Between-Phenotype Differences in Specific Symptoms of Mania
displays the average ratings by identified phenotypes in each item of mania. Only models for elevated mood, motor activity, sleep, and irritability converged. Closer examination revealed that all individuals endorsed 0 for disruptive or aggressive behaviors, appearance, and insight. For thought content, only individuals from the Medium group endorsed a nonzero rating. For language or thought, only individuals from the High group had a nonzero rating. For speech and sexual interest, only individuals from Medium and High groups endorsed nonzero ratings. Analyses excluding the Low group revealed that sexual interest and speech did not differ between the Medium and High groups. Results for all other items are presented in .
The High group, compared with the Low group, showed significantly higher odds of elevated mood (P=.03), motor activity (P=.04), and irritability (P=.05).

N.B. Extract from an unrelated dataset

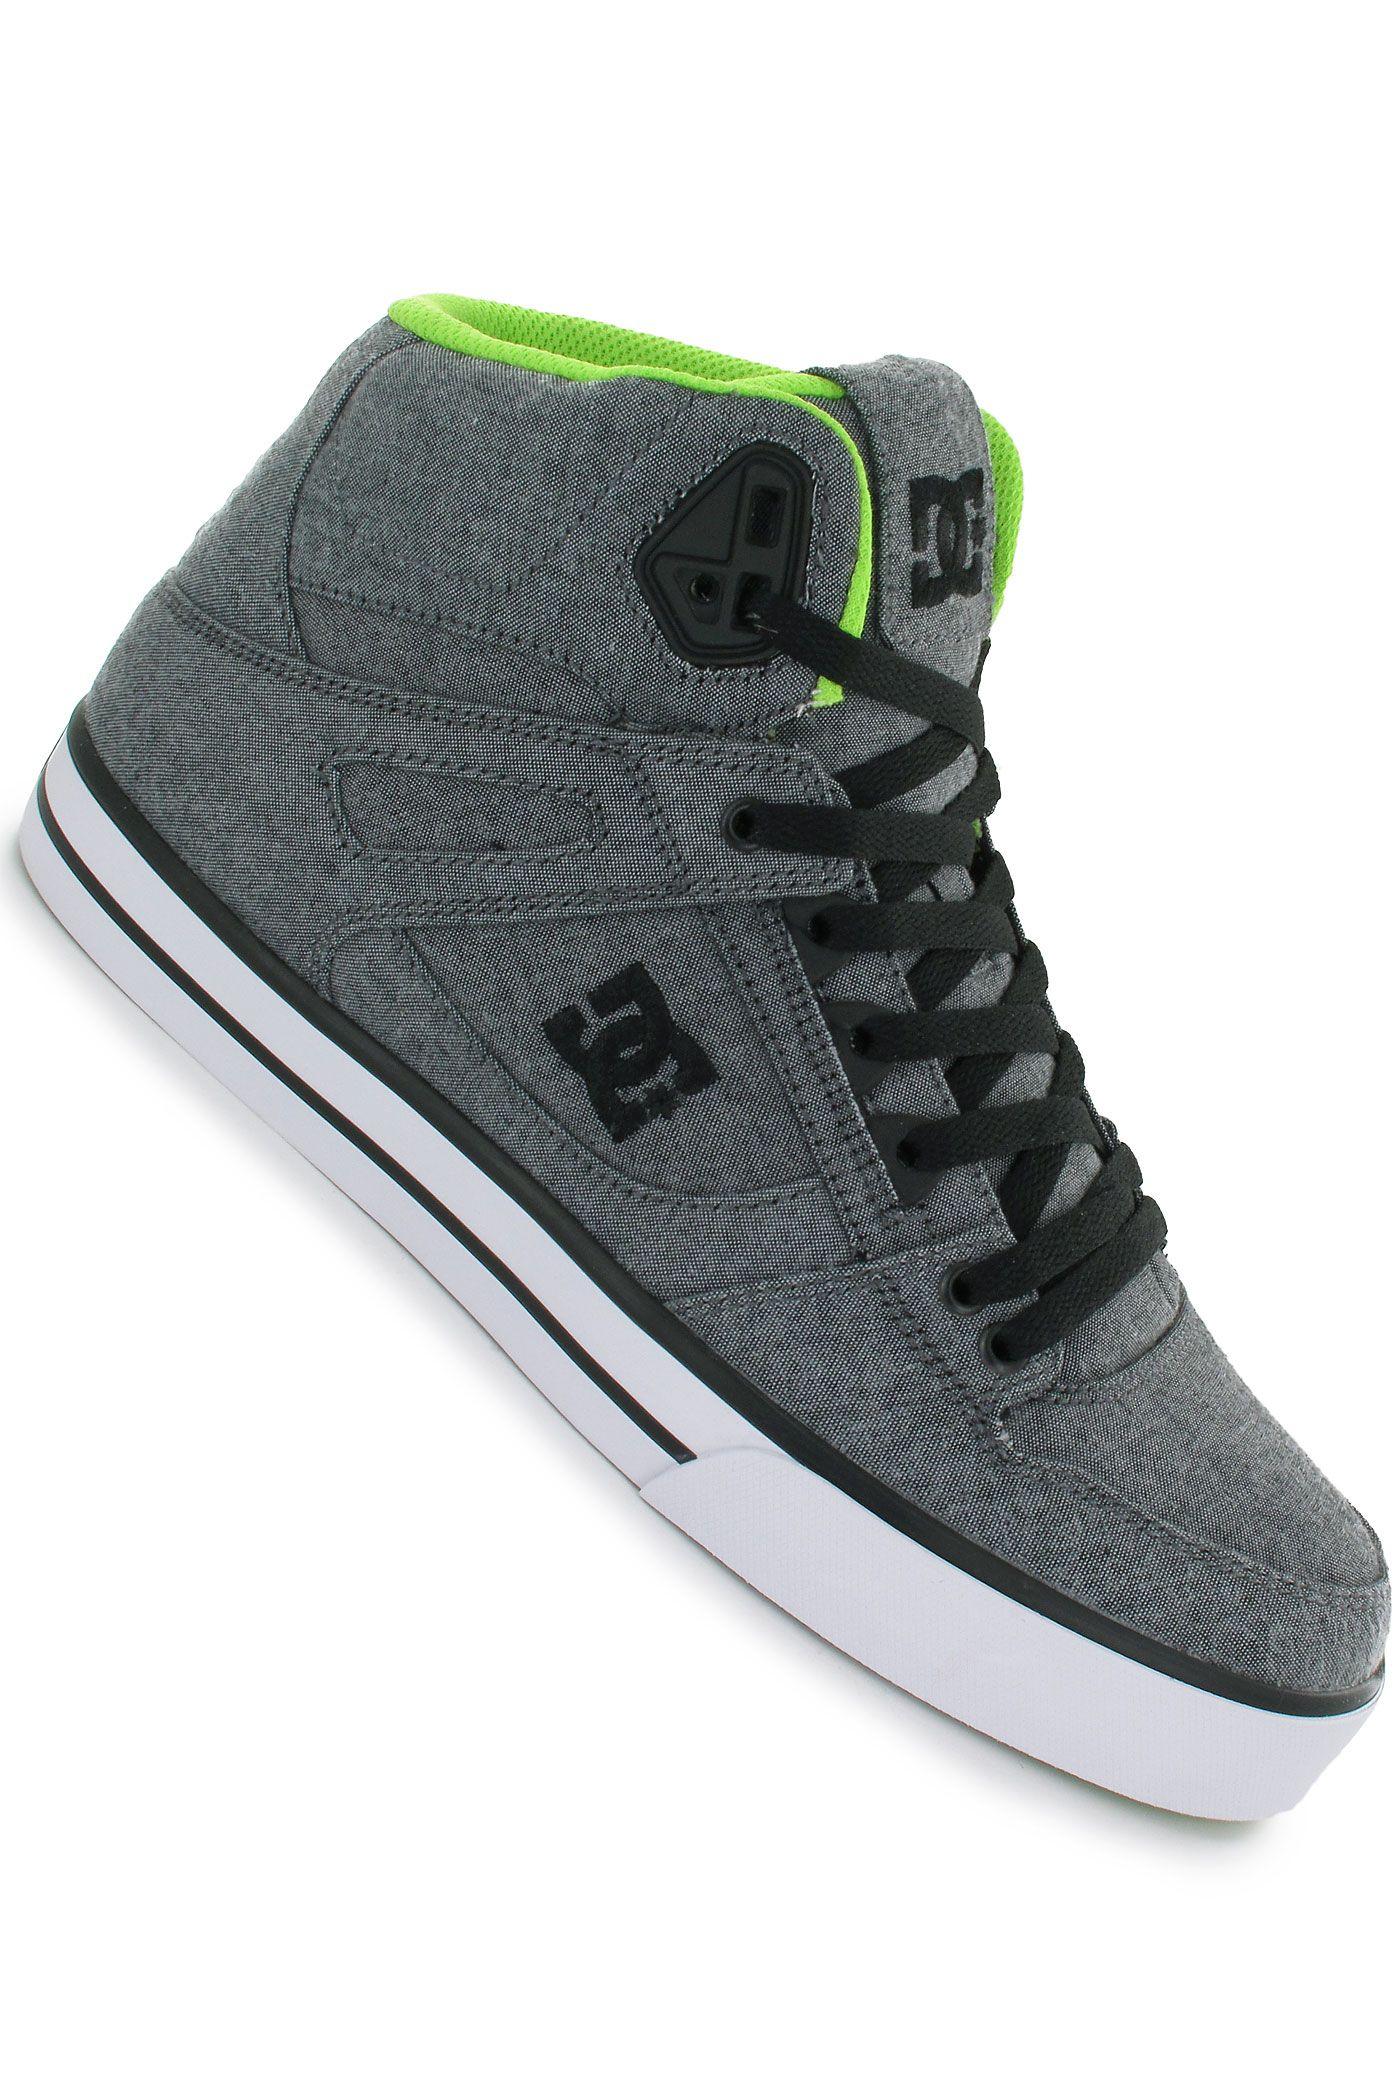 DC Spartan High WC TX SE Chaussure (grey resin rinse)

Variable and phenotype | OR (95% CI) | z score | P value | |
Elevated mood | ||||
Medium | 1.99 (0.2-19.679) | 0.59 | .56 | |
Higha | 16.12 (1.265-205.427) | 2.14 | .03 | |
Motor activity | ||||
Medium | 2.71 (0.294-25.012) | 0.88 | .38 | |
Higha | 15.22 (1.206-192.227) | 2.1 | .04 | |
Sleep | ||||
Medium | 1.09 (0.249-4.807) | 0.12 | .91 | |
High | 4.74 (0.66-34.027) | 1.55 | .12 | |
Irritability | ||||
Medium | 6.61 (0.809-54.004) | 1.76 | .08 | |
Higha | 12.83 (1.028-160.073) | 1.98 | .05 |
aSignificant relations.
Discussion
This study demonstrates the promises of mobile typing kinematics in mood disorder research and practice. Monitoring single mobile typing kinematic feature—backspace rates—through passive sensing imposes a low burden on participants. Based on real-life keystroke data, our derived digital phenotypes from this single feature can be useful for researchers and practitioners to distinguish between individuals with and without mood disorder symptoms. We found that derived phenotypes were associated with not only the diagnoses and severity of depression and mania but also specific individual symptoms. These findings suggest that digital phenotyping based on mobile typing kinematics can provide a nuanced understanding of mood disorders beyond diagnoses and severity aggregates and can serve as a useful clinical tool.
We identified 3 digital phenotypes based on backspace rates: Low (11.2%), Medium (18%), and High (26.8%), with an SD of 4.8%. Practitioners may use these parameter estimates to intimate the likelihood of observed individual backspace rates from Low, Medium, and High classes through probability density functions. For example, if an individual presents with a backspace rate of 14%, then the unnormalized probability density for observing such rate given Low, Medium, and High class would be respectively 7.01, 5.87, and 0.24 (0.53, 0.45, 0.02 after normalization). To maximize the likelihood of observed data, the phenotype for the individual is likely to be low. Compared with the traditional approach of categorization based on cutoff thresholds that just assign an individual to 1 class, our model-driven likelihood approach allows a more nuanced categorization where the likelihood for each class can be derived for an individual. This additional information can be helpful, especially when an individual may share a similar likelihood to more than 1 class.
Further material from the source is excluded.